> [Problem statement]
Transcribe nothing except the lines below that run from the one with "Стеклосъемник двойной (алюминий" to the one with "Here to rescue Toronto (Yellow)", ends included, and do not copy any picture.

> [Extracted entries]
BEGIN
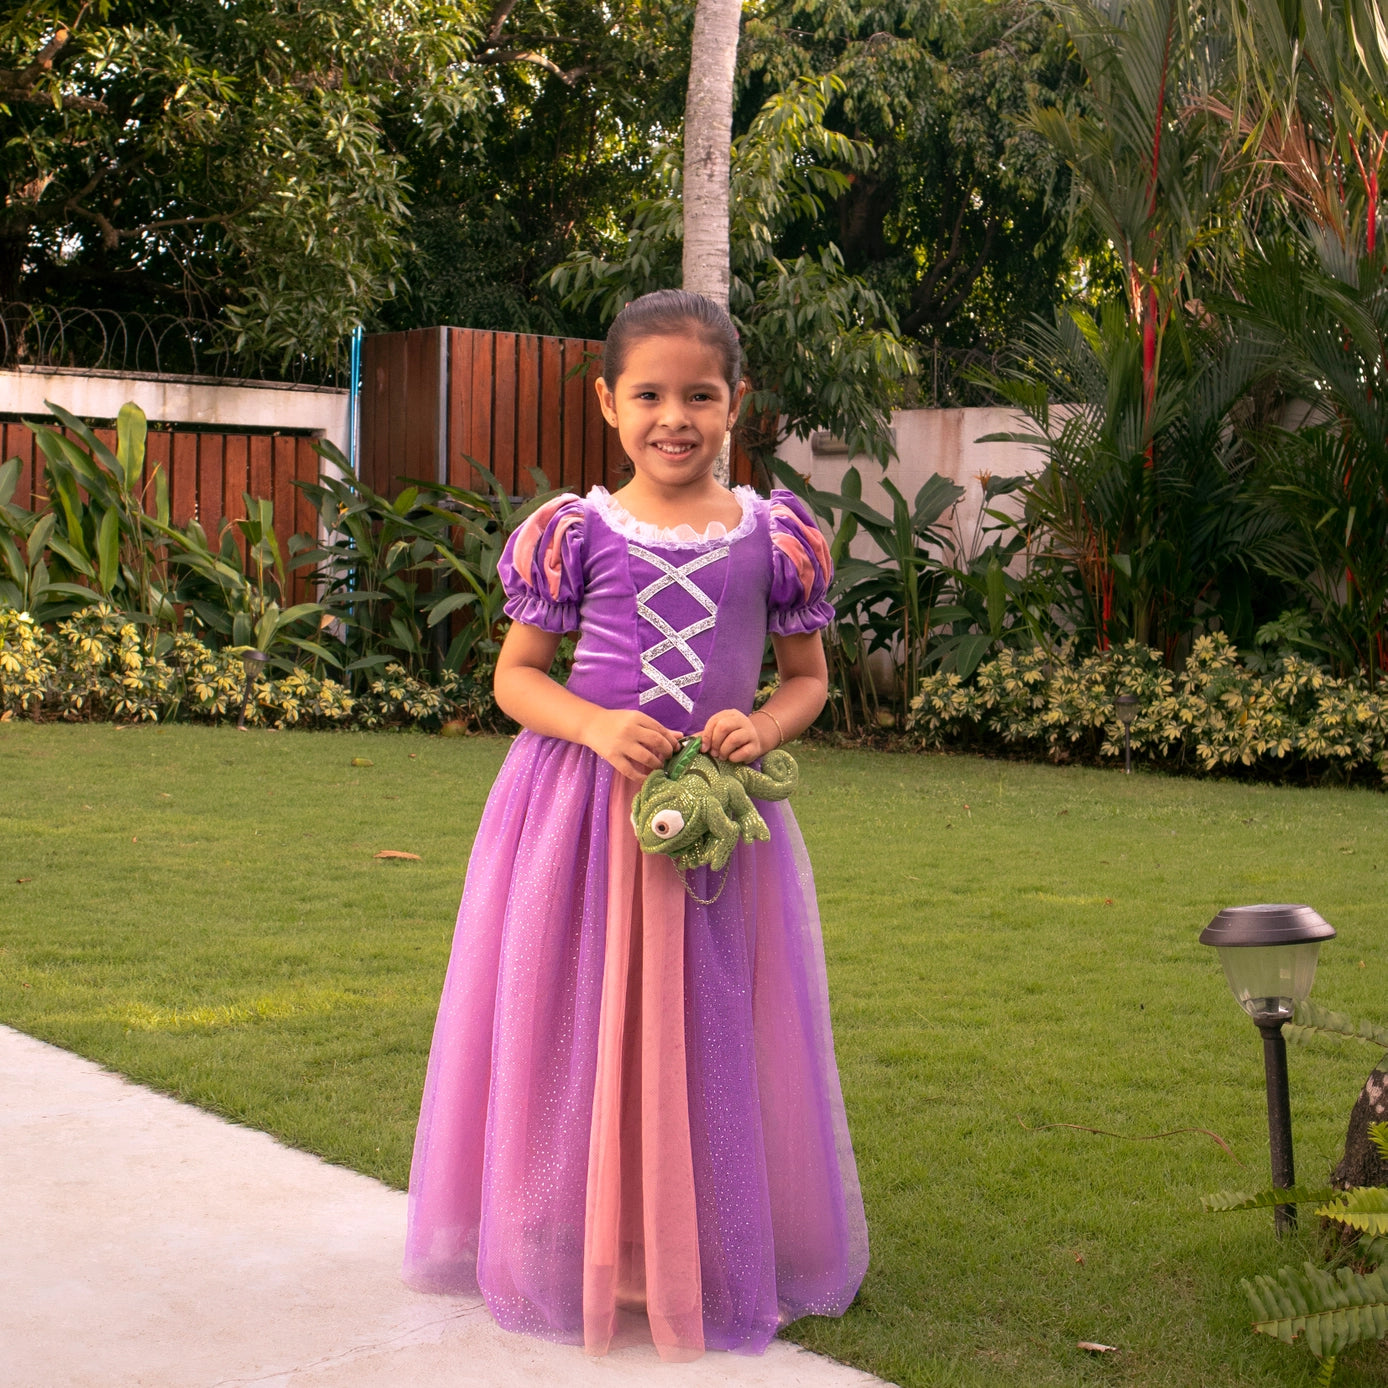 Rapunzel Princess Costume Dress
END
BEGIN
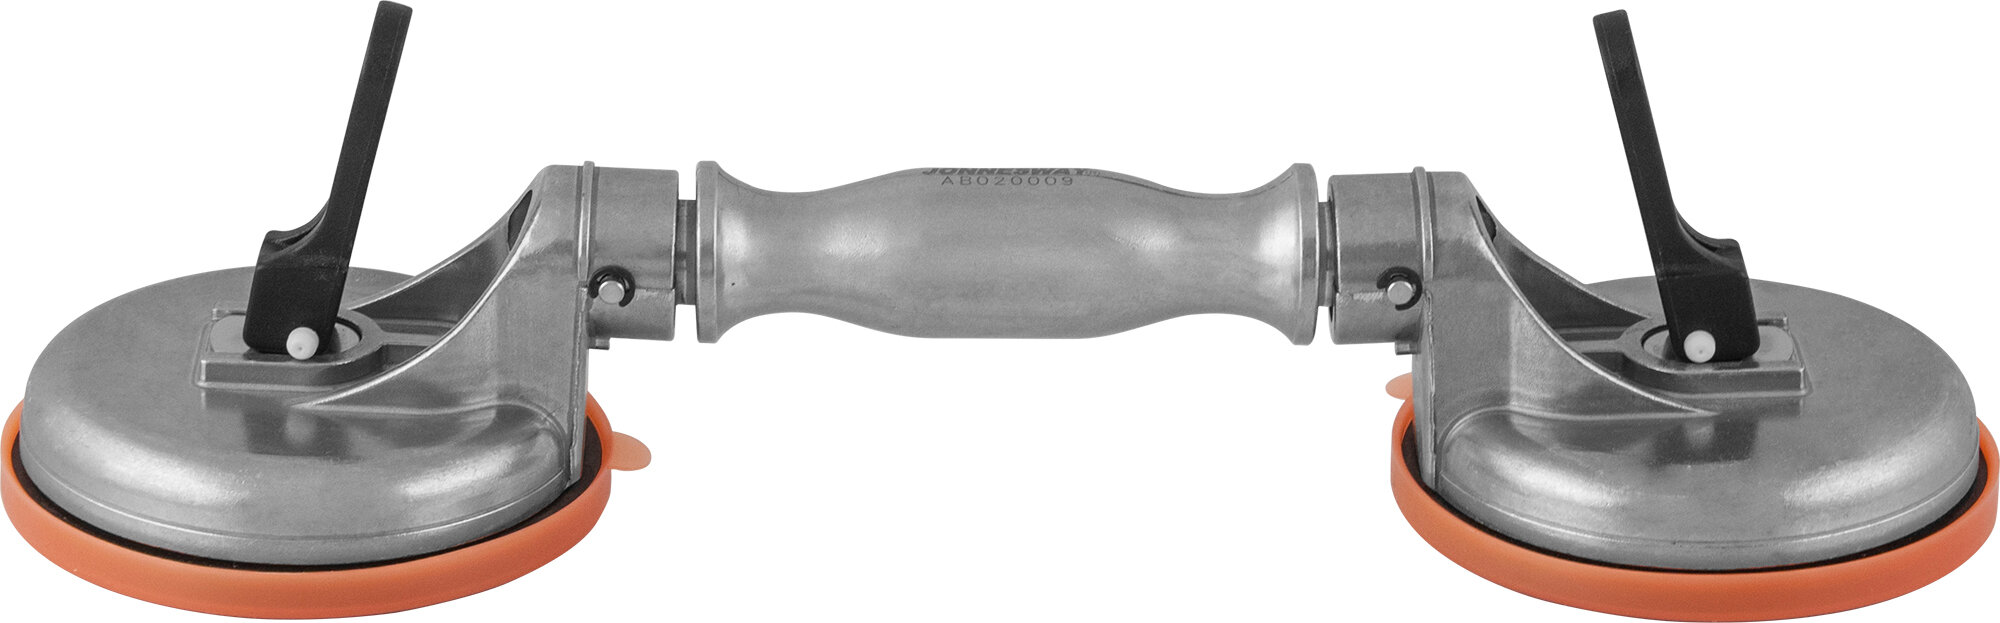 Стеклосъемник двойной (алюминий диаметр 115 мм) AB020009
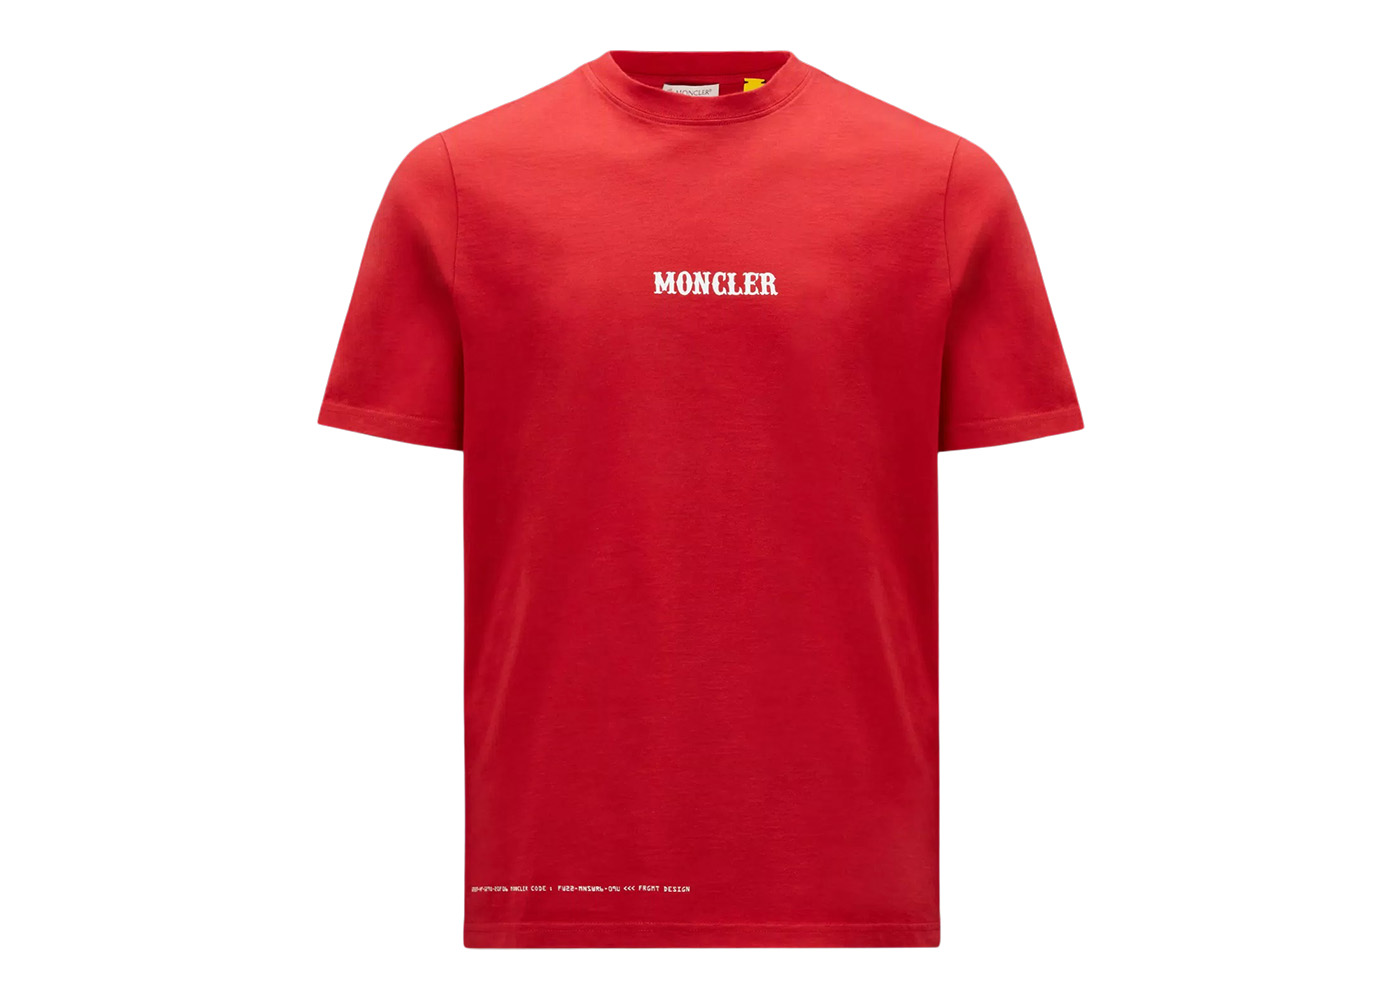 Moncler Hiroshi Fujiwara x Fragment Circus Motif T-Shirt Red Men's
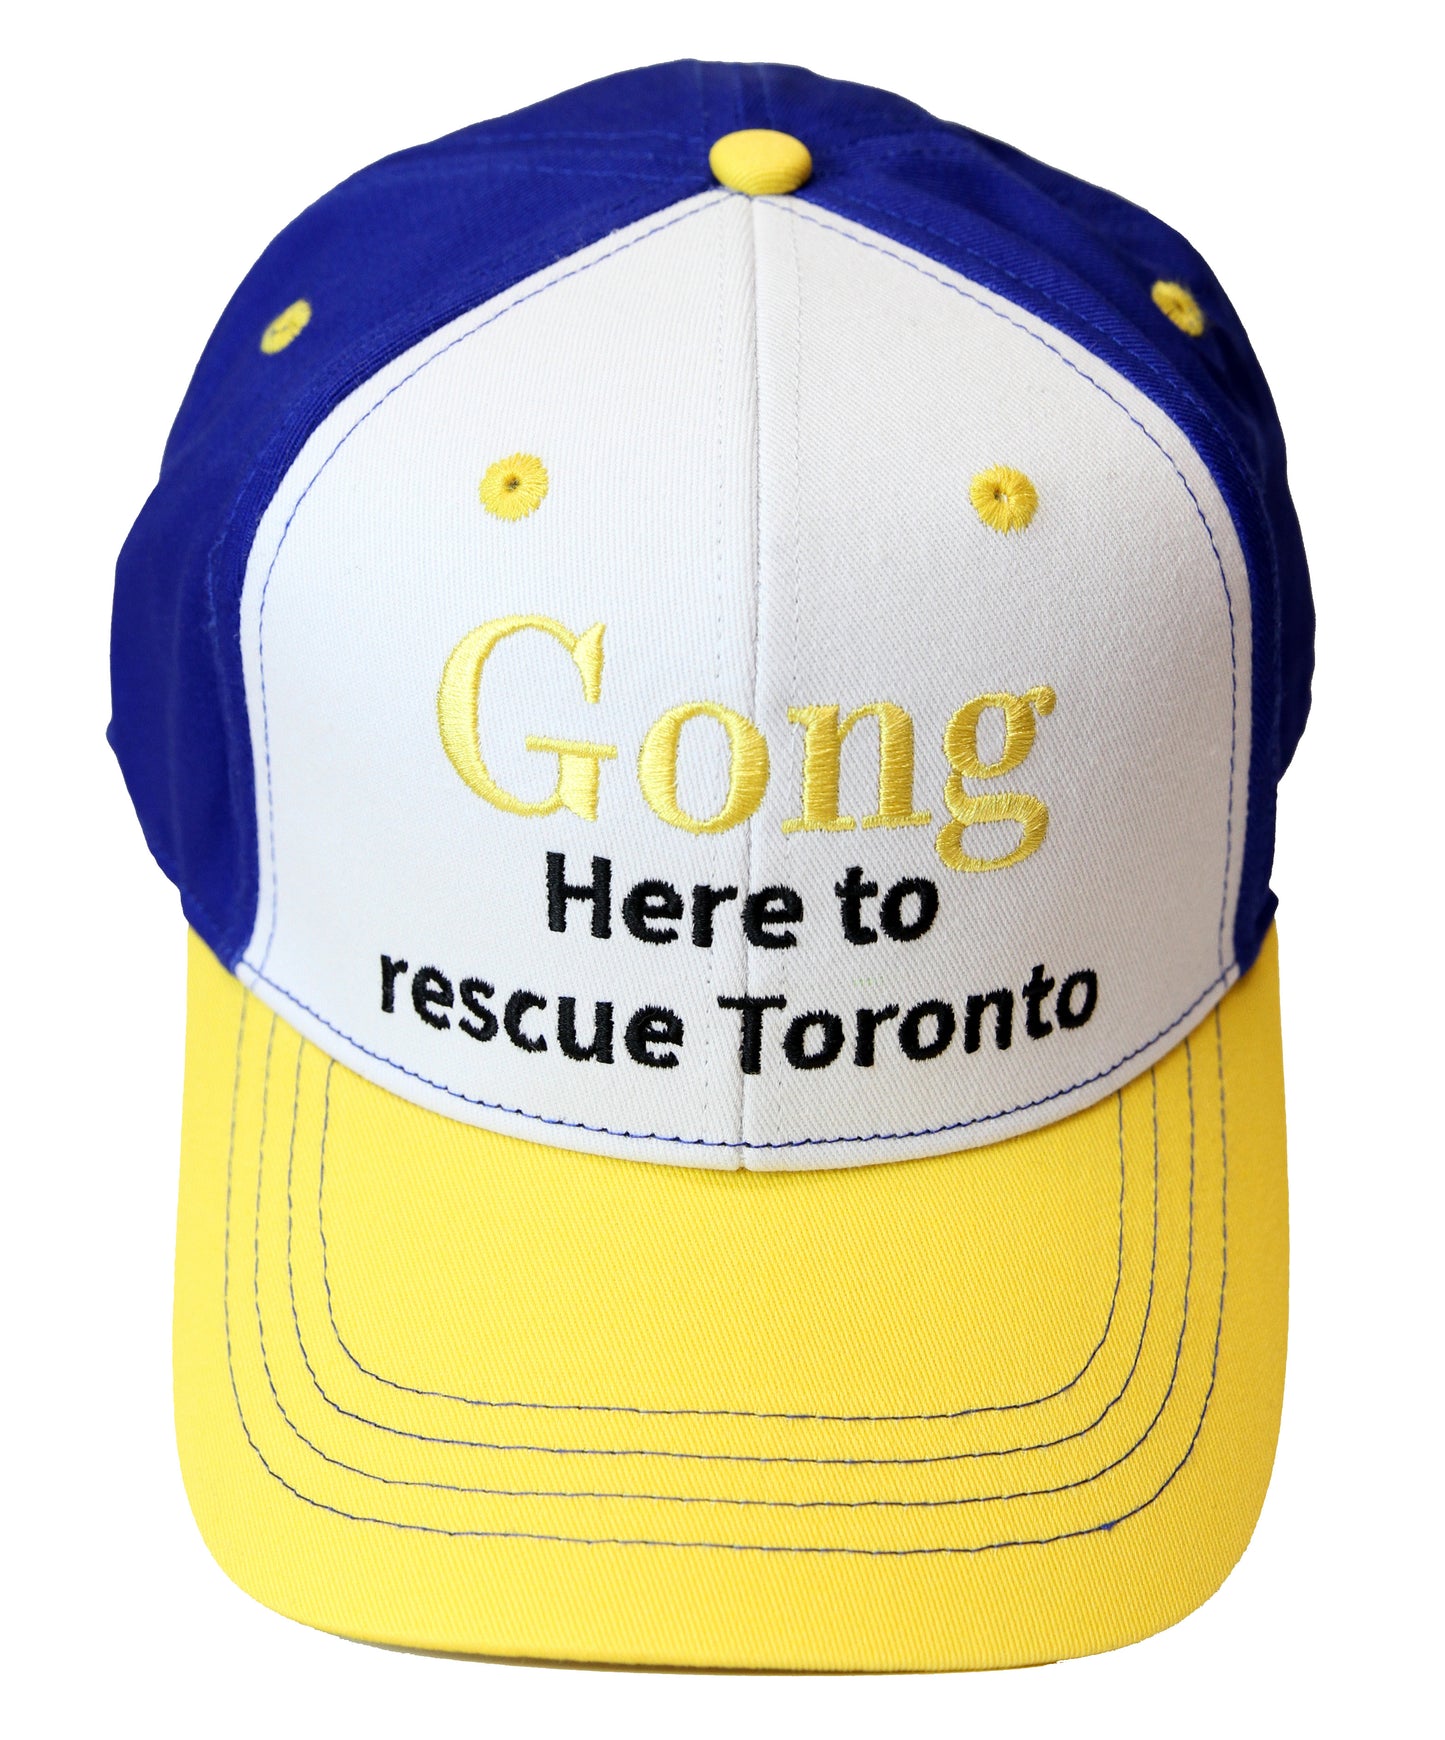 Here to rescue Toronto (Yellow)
END
BEGIN
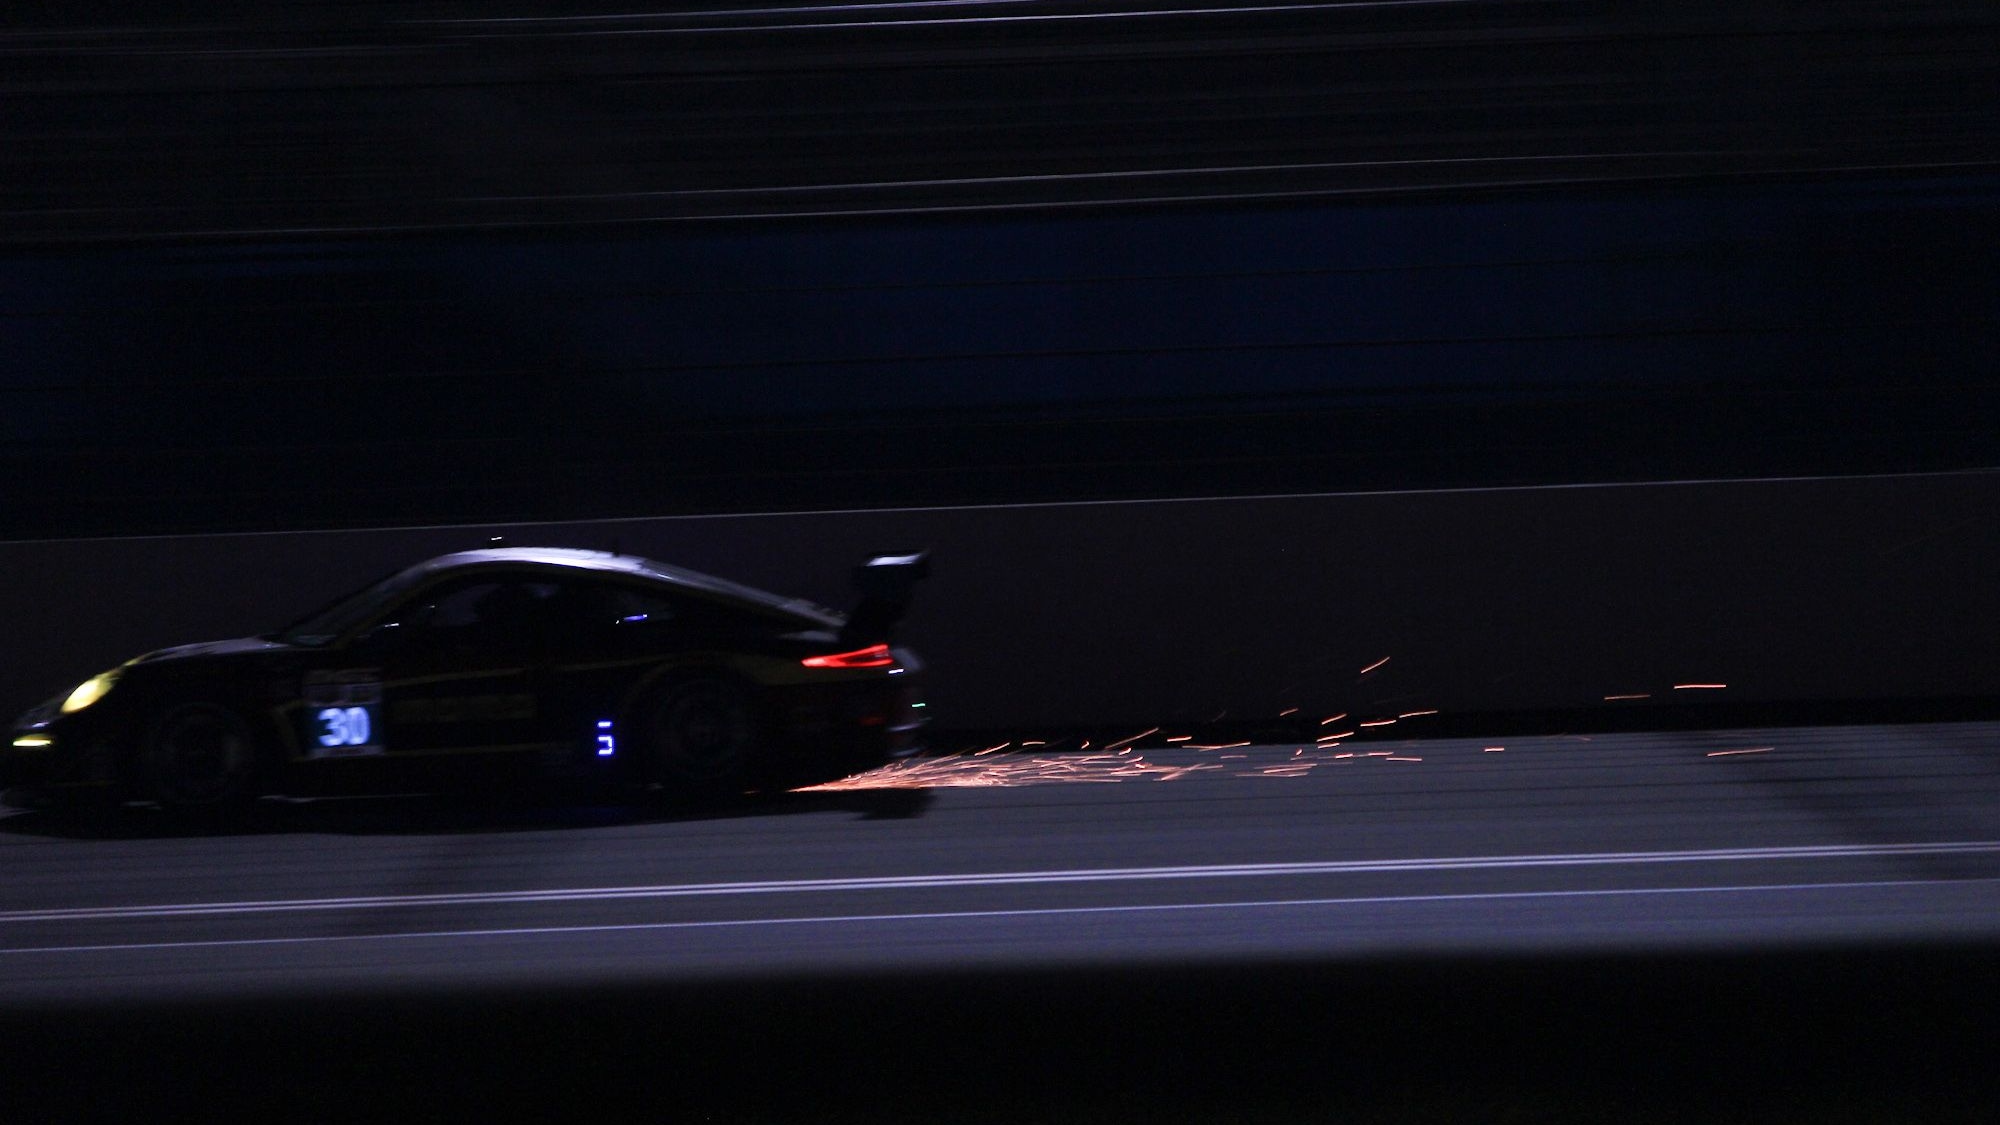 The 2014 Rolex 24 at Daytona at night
END
> [Task solution]
 Стеклосъемник двойной (алюминий диаметр 115 мм) AB020009
 Moncler Hiroshi Fujiwara x Fragment Circus Motif T-Shirt Red Men's
 Here to rescue Toronto (Yellow)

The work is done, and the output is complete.